Marketing, Analytics Help Recession Proof Distributors


August 17, 2022

By David Gordon, President, Channel Marketing Group

One of the challenges we hear from distributors is the need for sales and marketing tools from companies that understand distribution … and especially the electrical distribution channel … and that are affordable regardless of the size of the distributor.

And this will become more important as the business slows down and companies seek strategies to retain customers, penetrate customers and take share from others.

Distributors see the “talk” about CRM, analytics, eMarketing and more and many say to themselves “I should do that but where do I start, and can I afford it?”

For years I’ve known Joe Raventos and Sales Management Plus. Joe comes from the electrical distribution industry and his company helps distributors in the area of CRM, sales analysis and eMarketing … and much in-between. Further, the services can be a la carte. And they understand how distributors operate and can help optimize the tool to distributors either gain adoption and/or “refine” the system so that it management gain generate an ROI.

Sales Management Plus is ElectricalTrends’ newest supporter.

In this article, Jason Birch from SMP shares thoughts on recession-proofing your distribution business.

Recession Proof Your Business

“The signs are increasing, and many experts are now in agreement, that we are in the early stages of a recession. We suggest now is the perfect time to give your business a quick health check to ensure it will survive if times get tougher and will flourish when times inevitably improve again.

Here are four things every distributor should be doing to recession proof their business.

1.  Find your headroom

In financially challenging times it’s essential that you spend your time and effort where it will have the highest return. Target customers with headroom, defined by the Harvard Business Review as “market share you don’t have minus market share ”.

Every distributor wants a bigger slice of their customers spend, but there are customers where you have already maxed out your share of spend. There is always business you won’t get, perhaps it is because you don’t carry a particular brand or product line, or it may be business you do not want due to profitability or services you do not want to offer.

That’s why knowing the customers that you could and would like to increase wallet spend with, and proactively engaging with them to make that happen is top of this list. It is low cost, is data driven and can often be automated. That provides a high ROI with typically low risk.

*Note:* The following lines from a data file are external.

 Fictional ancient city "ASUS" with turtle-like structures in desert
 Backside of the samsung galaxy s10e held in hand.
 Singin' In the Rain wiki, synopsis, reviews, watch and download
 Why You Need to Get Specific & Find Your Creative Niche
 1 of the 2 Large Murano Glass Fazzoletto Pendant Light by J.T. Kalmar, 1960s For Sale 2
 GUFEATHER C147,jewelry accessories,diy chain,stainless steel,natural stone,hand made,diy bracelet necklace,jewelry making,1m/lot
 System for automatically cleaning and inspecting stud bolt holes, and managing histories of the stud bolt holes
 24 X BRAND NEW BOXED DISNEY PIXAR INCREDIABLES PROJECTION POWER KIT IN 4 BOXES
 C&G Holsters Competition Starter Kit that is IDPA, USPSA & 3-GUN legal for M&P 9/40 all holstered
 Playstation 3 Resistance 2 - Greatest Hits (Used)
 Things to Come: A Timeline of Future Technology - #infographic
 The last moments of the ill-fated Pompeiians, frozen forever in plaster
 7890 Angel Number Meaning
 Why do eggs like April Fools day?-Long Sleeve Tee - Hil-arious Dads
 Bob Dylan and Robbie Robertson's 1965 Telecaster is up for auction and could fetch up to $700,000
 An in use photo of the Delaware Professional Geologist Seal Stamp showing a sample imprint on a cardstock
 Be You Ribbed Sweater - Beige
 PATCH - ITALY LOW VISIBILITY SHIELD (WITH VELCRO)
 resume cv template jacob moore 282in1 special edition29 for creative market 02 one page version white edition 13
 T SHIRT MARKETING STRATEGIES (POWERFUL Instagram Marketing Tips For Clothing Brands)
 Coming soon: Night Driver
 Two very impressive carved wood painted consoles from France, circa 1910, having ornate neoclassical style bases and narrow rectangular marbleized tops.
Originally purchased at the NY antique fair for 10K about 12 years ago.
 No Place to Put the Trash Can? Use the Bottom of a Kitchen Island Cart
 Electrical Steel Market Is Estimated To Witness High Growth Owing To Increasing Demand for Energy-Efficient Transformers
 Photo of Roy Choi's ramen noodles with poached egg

2.  Analytics + CRM Execution

Analytics with CRM execution is key to this, and there are lots of options to choose from. It probably makes sense to go with an approved third-party vendor, one that knows your industry, understands the challenges you face and ideally has robust links into both ERP’s and marketing tools.

It is also vital that you not only select the right solution, but that you also empower the right people. Your salespeople, sales leadership and marketing teams all need quick and easy access to this information so that they can engage with the right customers, about the right thing at the right time.

3.  Increase Efficiencies

This may seem like a no brainer. However, in fiscally challenging times so many companies become laser focused on reducing costs, without completely assessing the impact of those changes on efficiency.

It’s easy to spot big ticket lines on the P&L, be that an expensive employee, weighty marketing budget or a costly software renewal. Cutting those items can give you a sense of security that you are managing your ongoing costs down, and therefore making your business more resilient for any future challenges. But that could be a false sense of security.

Costly expense lines can often be the ones that drive the most efficiency and therefore ROI in your organization, so cut them at your peril.

An experienced employee can complete tasks quickly and with less need for supervision, leaning on the lessons learned during many hours on the job.

4.  Marketing Presence is Vital

Maintaining your marketing presence is vital too, disengaging with your customers and prospects when you need them the most is a recipe for disaster. It could be argued that improving your marketing approach will drive up revenue without increasing costs. Targeted marketing can help boost revenue without increasing effort, and many companies find that leveraging software solutions is the most efficient way to execute a targeted approach.

Nowadays there is a commonality among high performing distributors – they have invested in marketing and are good marketers. From a recession viewpoint, research has shown that companies that market during a recession have a shallower decline and emerge from recessions faster and higher. The key is targeting your investments, activities and opportunities. This is where CRM and/or analytics helps improve your odds of generating an ROI on your marketing investments.

There are marketing groups and associations that provide resources and help for distributors such as ADIMARK, and NAED and to name but a few, all run programs that encourage and facilitate supplier or vendor collaboration.

The programs are fantastic, but to qualify you have to meet certain criteria and prove that you have done so. Fortunately there are solutions out there that help you do just that, leveraging targeted and automated marketing to fulfil those criteria and keep track of your efforts.

When promoting a particular supplier or line to customers who do not currently buy them is only a few clicks rather than hours of effort away, maximizing your supplier marketing dollars becomes an achievable goal.

Hopefully your health check comes back with both opportunities to improve and some peace of mind that you have a strong and resilient business on which to improve.”